Friday, June 24, 2011

I shall never surrender!

“We shall never surrender!” So said Winston Churchill in his famous We Will Fight on the Beaches speech. The implication is that if you don’t surrender, you have only one choice, and that is to keep on fighting. But I have a problem with that. Is surrender the only alternative to fighting? What about love? Both surrender and love stand against fighting. But when we surrender, it’s because we have no choice. Love is always a choice.

Many people will say that the key to following God's will for your life is surrendering your own will to God's. As someone who has spent most of my adult life battling with God, I can tell you that approach may work for some people, but it doesn’t cut it for me.

Surrender is the language of war. When you surrender, you resign yourself to the fact that you've been beaten, or at least you aren't going to win, so you throw in the towel. In surrender, you come to the other defeated. And it’s pretty hard not to resent someone you have surrendered yourself to. You may continue to want the same things for yourself that you always wanted, but now you're forced to deny them and the resentment grows deeper.

Doesn’t God want to be in a loving relationship with us? How can you love someone to whom you have surrendered yourself like that? When I strive to follow God's will for my life, the real point for me has become, do I love God? If I love God, then I want what God wants. It's not a matter of doing battle with God and surrendering my will to God's will. It's about making God's will my will, too.

Have you ever watched two people who professed to love one another for the rest of their lives grow to become adversaries? Every issue between them becomes a battle of the wills and there is an ongoing struggle to see who will ultimately win the war. But when you love someone, you want what they want, don't you? If the one you love wants to watch a football game on Sunday afternoon, you don't dig in your heels and refuse to allow it. You want them to have what they want. You want them to be happy and their happiness makes you happy, too. Your will becomes the same.

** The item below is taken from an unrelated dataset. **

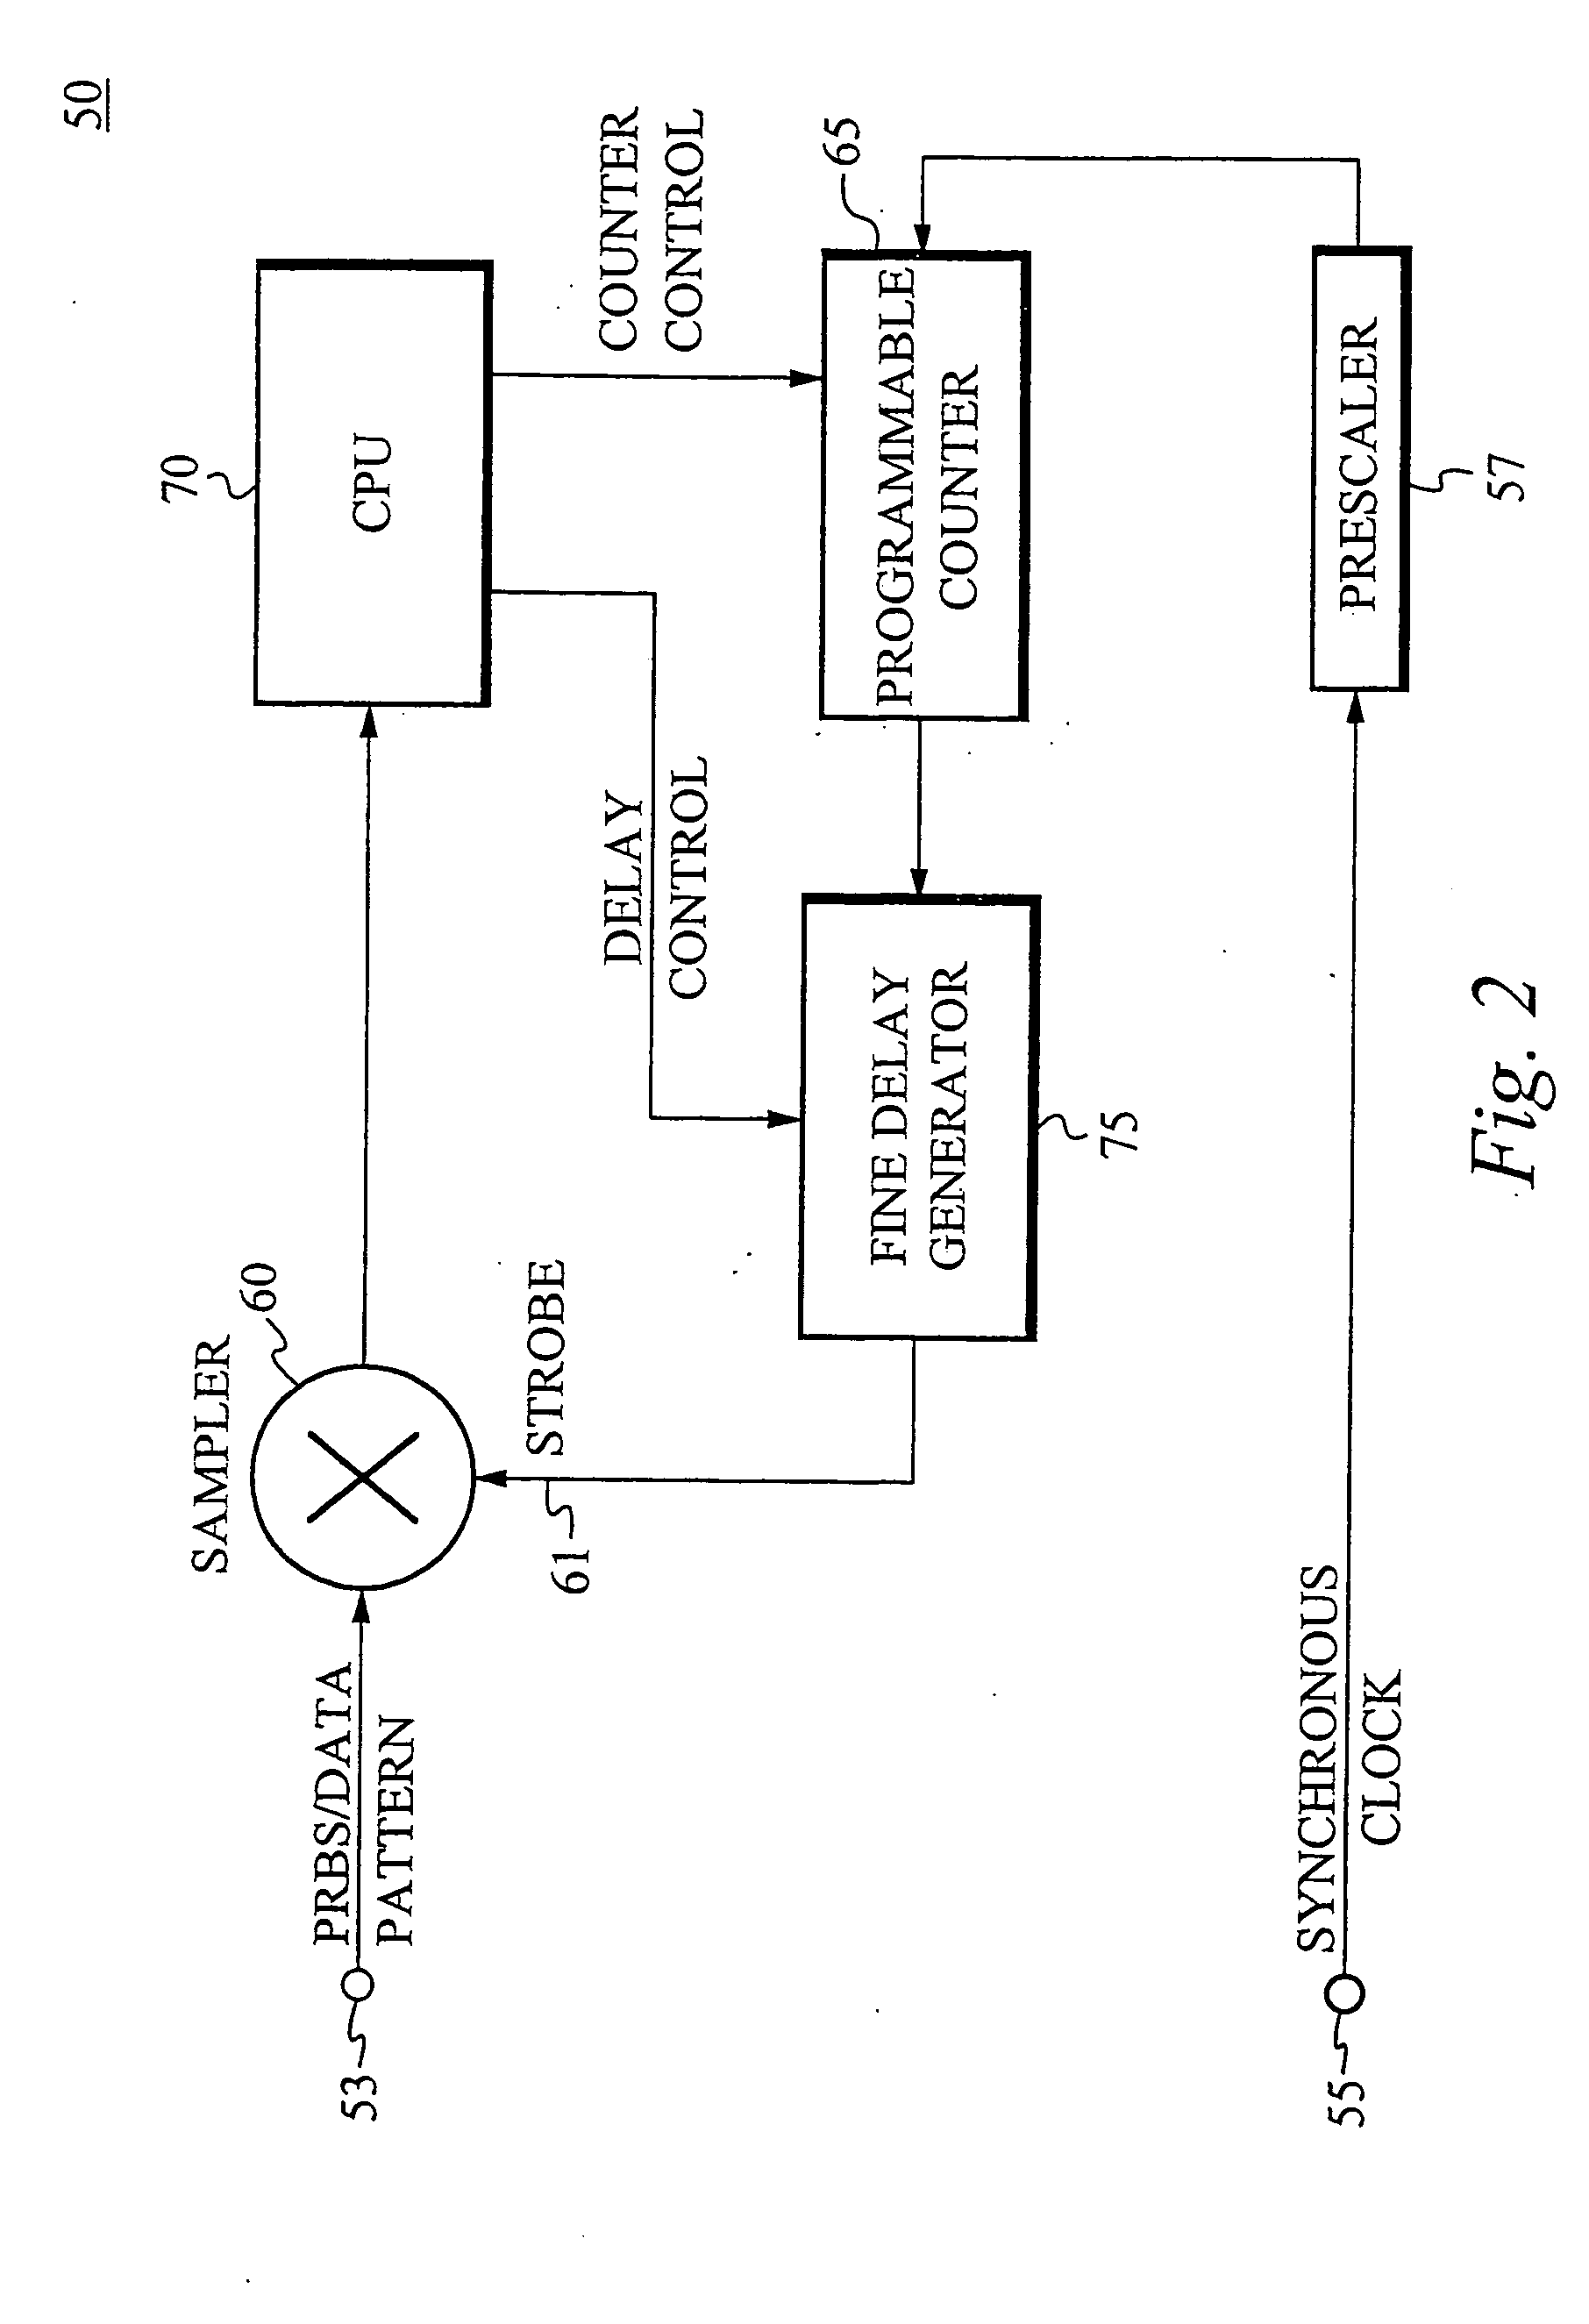 Method of and apparatus for measuring jitter and generating an eye diagram of a high speed data signal

That’s how my relationship with God works as well. God isn't the enemy. God doesn't want to do battle with me. God doesn't force me into submitting to him and seeing things his way. God loves me. And God wants me to love him so much that I want what he wants for me.

There is a huge difference between surrendering myself to God and giving myself to him in love. One approach feels like a requirement and I come to resent it. But when I respond in love, I’m offering myself as an expression of thankfulness for a gift beyond compare. And there isn’t a speck of resentment in me. Only joy.

1 comment:

  1. I remember the old Baptist hymn "I Surrender All" and the line "All to Jesus I surrender, all to him I freely give." At the risk of playing 'antics with semantics,' I would suggest that this kind of surrender is pure love, whatever you call it.